# How to make cheap CO2



## scifiladi (Apr 15, 2011)

I was told you could use bakers yeast, I found 2 (quick-rise yeast (ingredients:yeast,sorbitan monostearate,ascorbic acid) and active dry yeast (ingredients:yeast, sorbitan monostearate). Which one do I use?


----------



## Ken3531 (Apr 15, 2011)

c02 cannot be created or desroyed. there's a fixed ammount in the universe. Honestly I wouldnt bother with those cheap home made methods. A good C02 burner is not that expensive compared to a 1000w light setup or a hydro setup. Look into it


----------



## scifiladi (Apr 15, 2011)

it's a small area, 2X3X6. Short on money at the moment. I only have 4 Plants. Any ideas anyone?


----------



## luckandleather (Apr 16, 2011)

I made one, you have the same size tent as I do. My container was an empty kitty litter bottle. I drilled 4 holes with a 3/8" dia bit.Bought 25' of 1/4" aquarium tubing at walmart, it cost around $2.57. Used this vid as a guide and recipe. Made it last night.
First time trying a co2 generator. It does enrich the air. Pressure builds in the container and pushes the gas out and releases it into the air. just remember co2 is heavier than air, so place your tubing over the plant so the co2 is dispersed over the plant. Is it effective? I don't know.
[video=youtube;IZFM9ZpaqGM]http://www.youtube.com/watch?v=IZFM9ZpaqGM&feature=player_detailpage[/video]
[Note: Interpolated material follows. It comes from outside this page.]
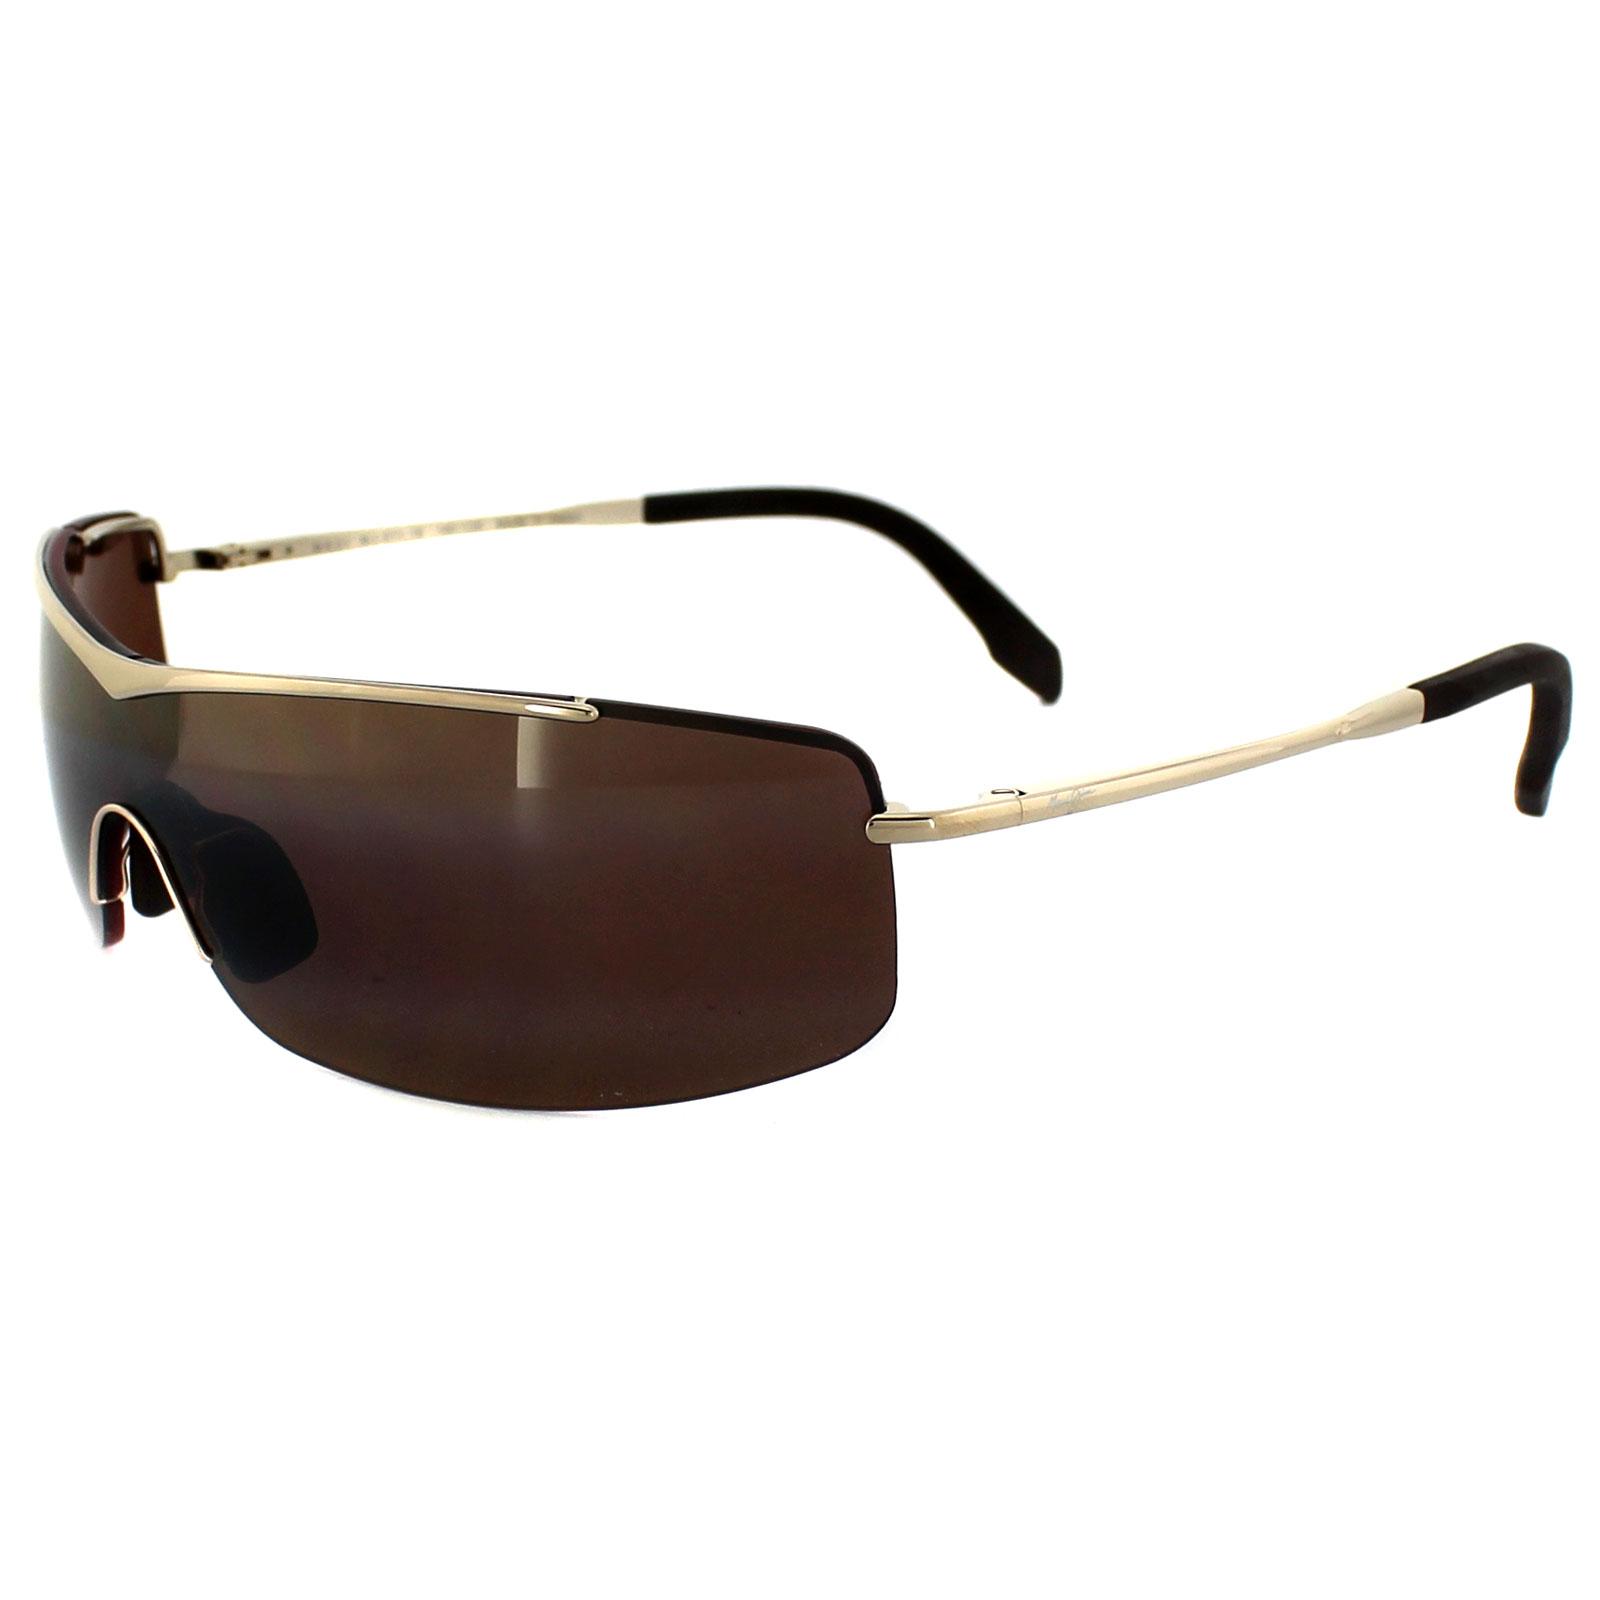 86dc29e8076 Cheap Maui Jim Sandbar Sunglasses - Discounted Sunglasses

Part 2 is irrelevant, but you do see evidence of the gas released into the water


----------



## mccumcumber (Apr 28, 2011)

the matter is never being created or destroyed, a reaction occurs causing it to change into a different element.


----------



## BuddhaBud (Apr 28, 2011)

yea, as in being created. a car doesnt exist as a car until its put together, but there isnt a fixed amount of cars in the universe. matter may not be able to be created or destroyed, but not only does every molecule break apart and react to become different substances (C + O2=>CO2=>C+O2), but the neutrons, protons, and electrons are constantly being exchanged. for example, i just increased the amount of CO2 in the universe because i made a CO2 producer two hours ago


----------